- Task prompt -
When you reach the line holding "Front view of" in the material below, return that line and each one after it, word for word, with the pictures dropped.

- Supplied material -
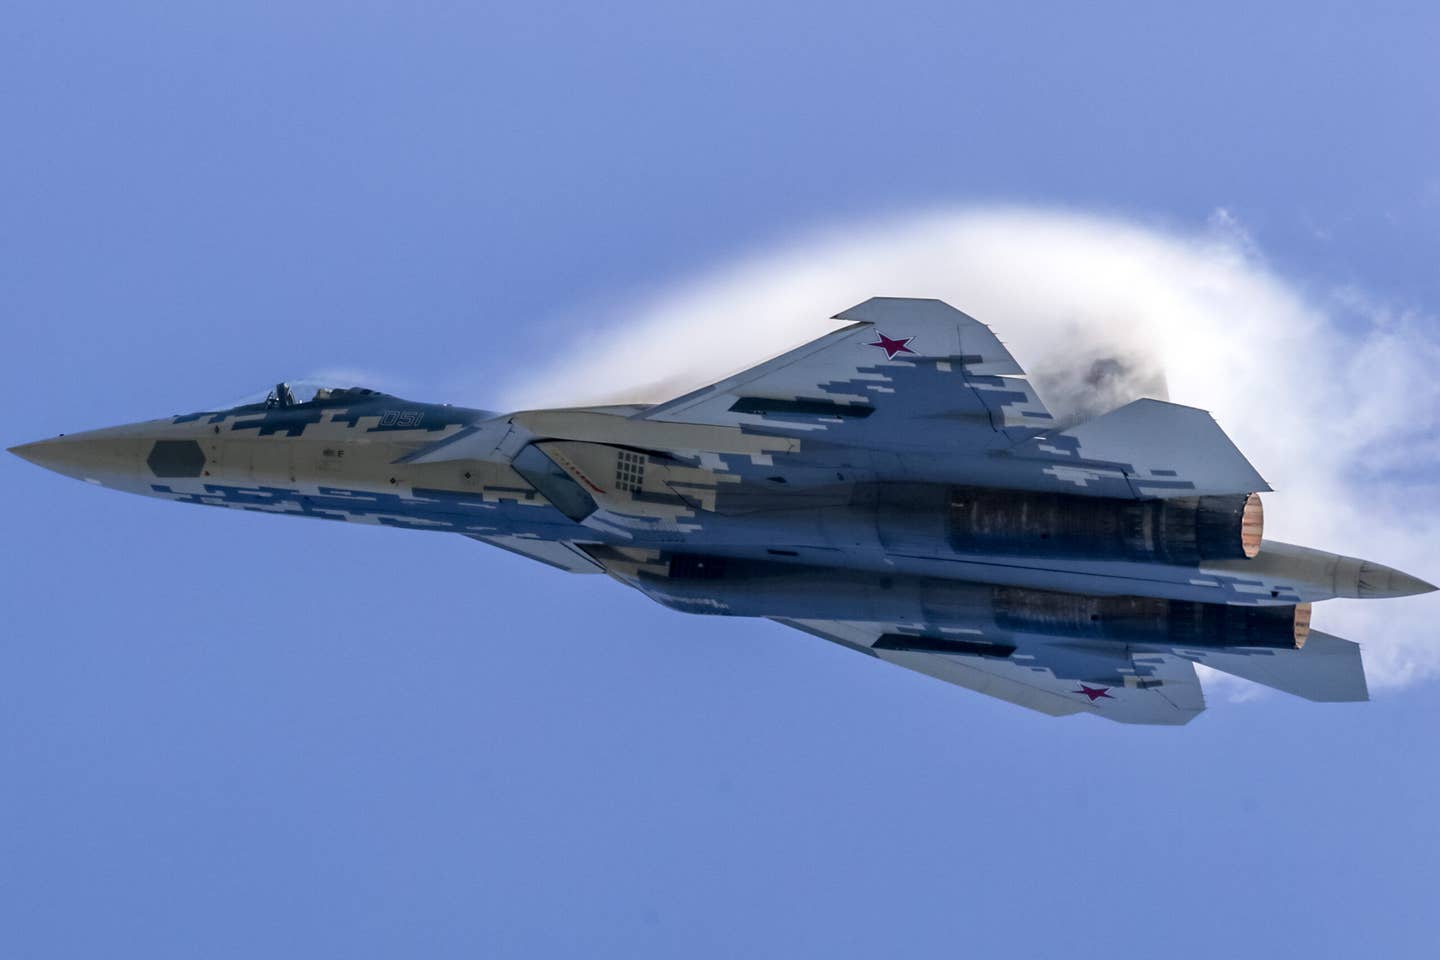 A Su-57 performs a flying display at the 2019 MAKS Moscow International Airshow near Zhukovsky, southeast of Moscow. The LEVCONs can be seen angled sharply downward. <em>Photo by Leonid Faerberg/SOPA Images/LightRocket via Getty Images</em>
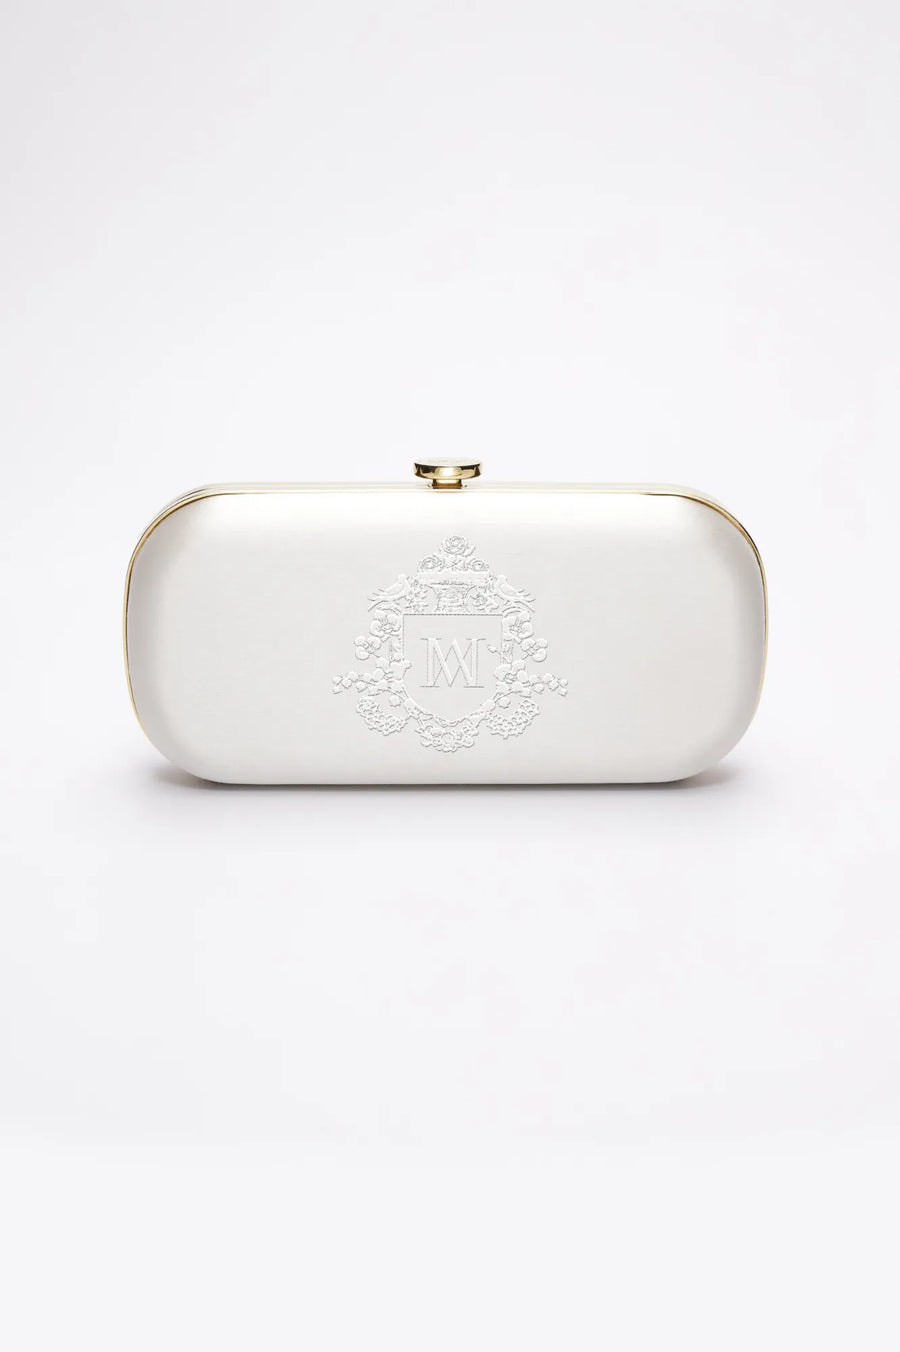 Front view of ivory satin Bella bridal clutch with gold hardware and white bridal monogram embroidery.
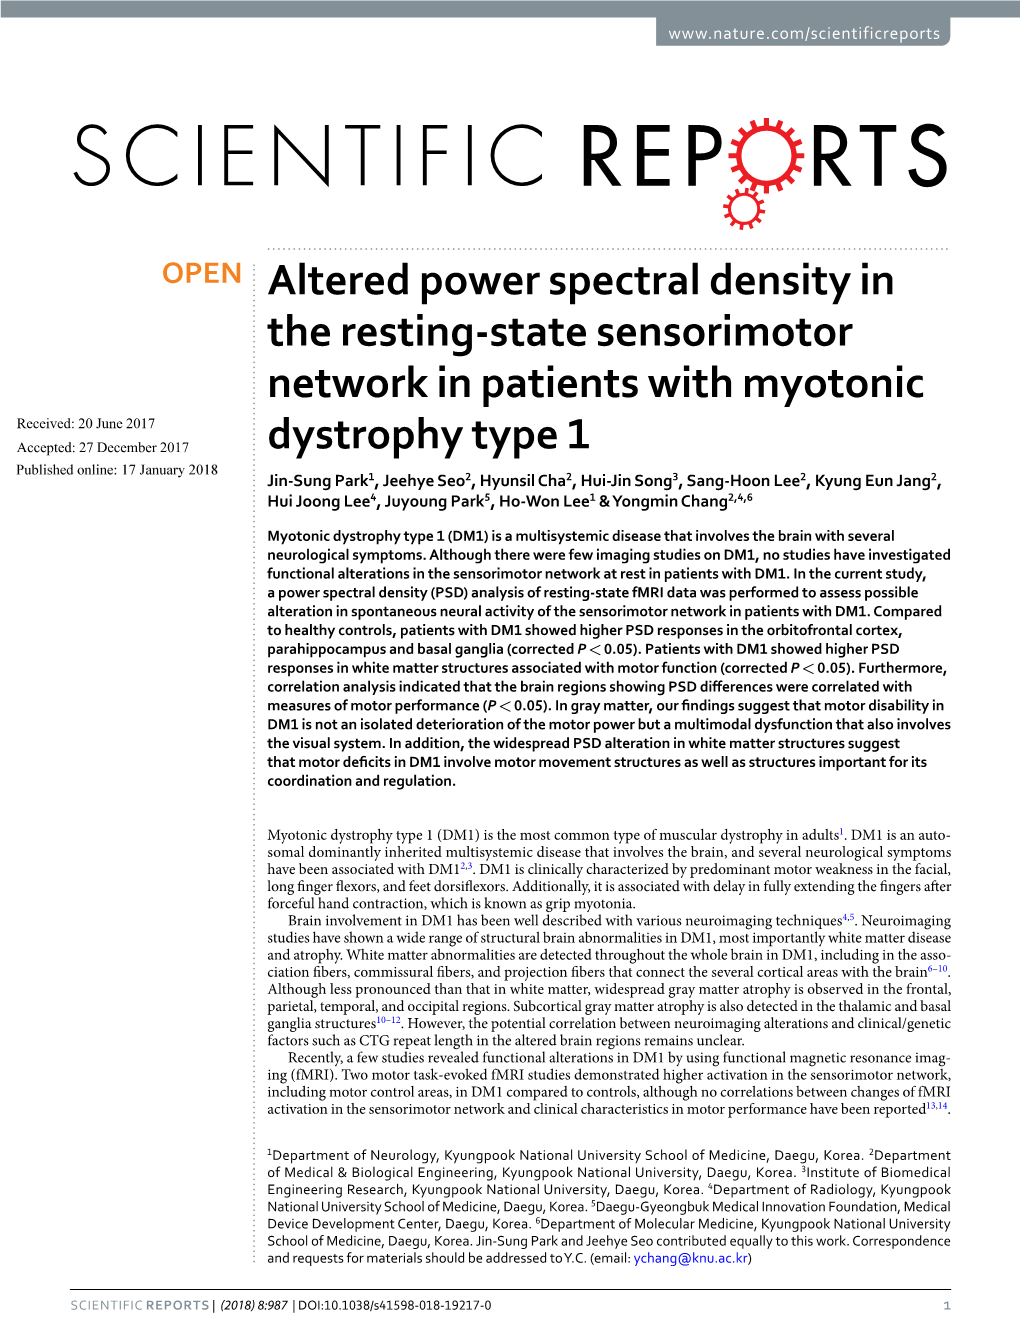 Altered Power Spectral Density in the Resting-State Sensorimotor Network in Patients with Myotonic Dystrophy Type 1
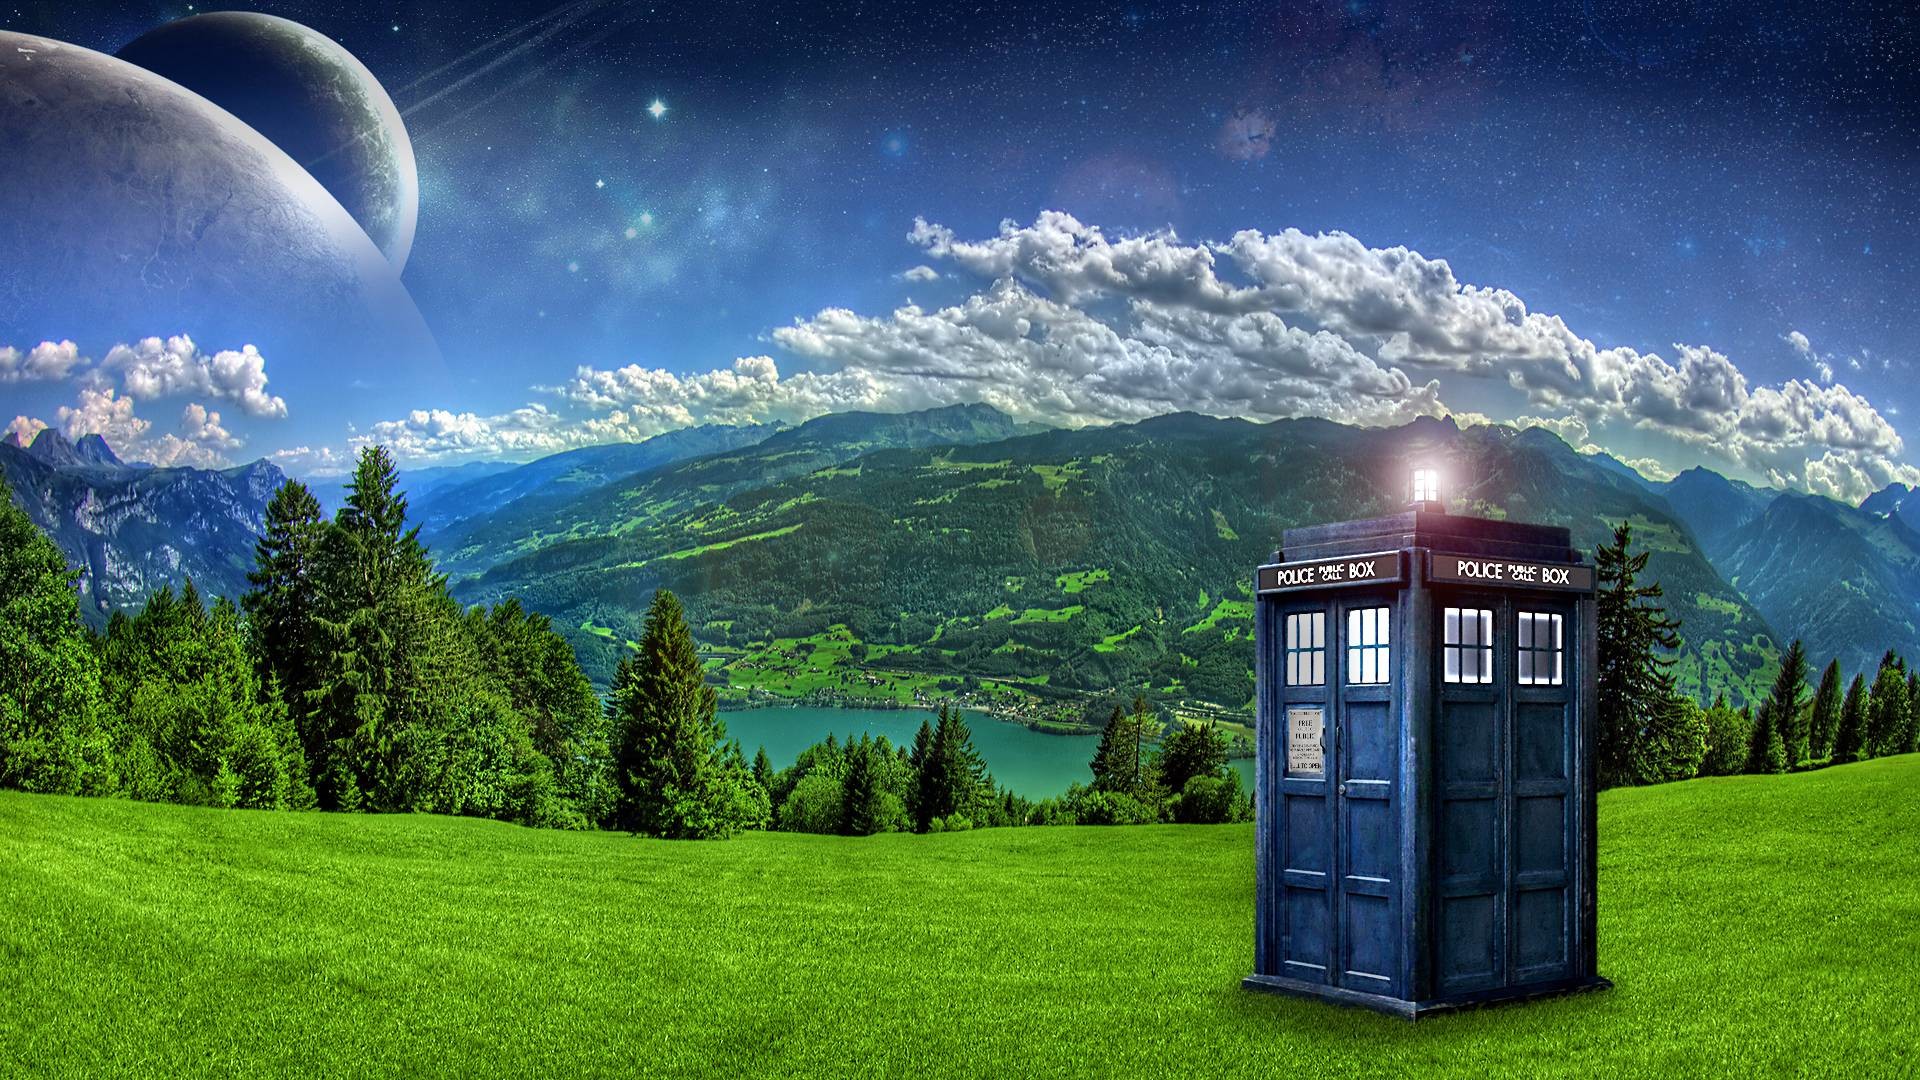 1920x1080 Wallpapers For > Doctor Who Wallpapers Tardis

- Your solution -
 Front view of ivory satin Bella bridal clutch with gold hardware and white bridal monogram embroidery.
 Altered Power Spectral Density in the Resting-State Sensorimotor Network in Patients with Myotonic Dystrophy Type 1
 1920x1080 Wallpapers For > Doctor Who Wallpapers Tardis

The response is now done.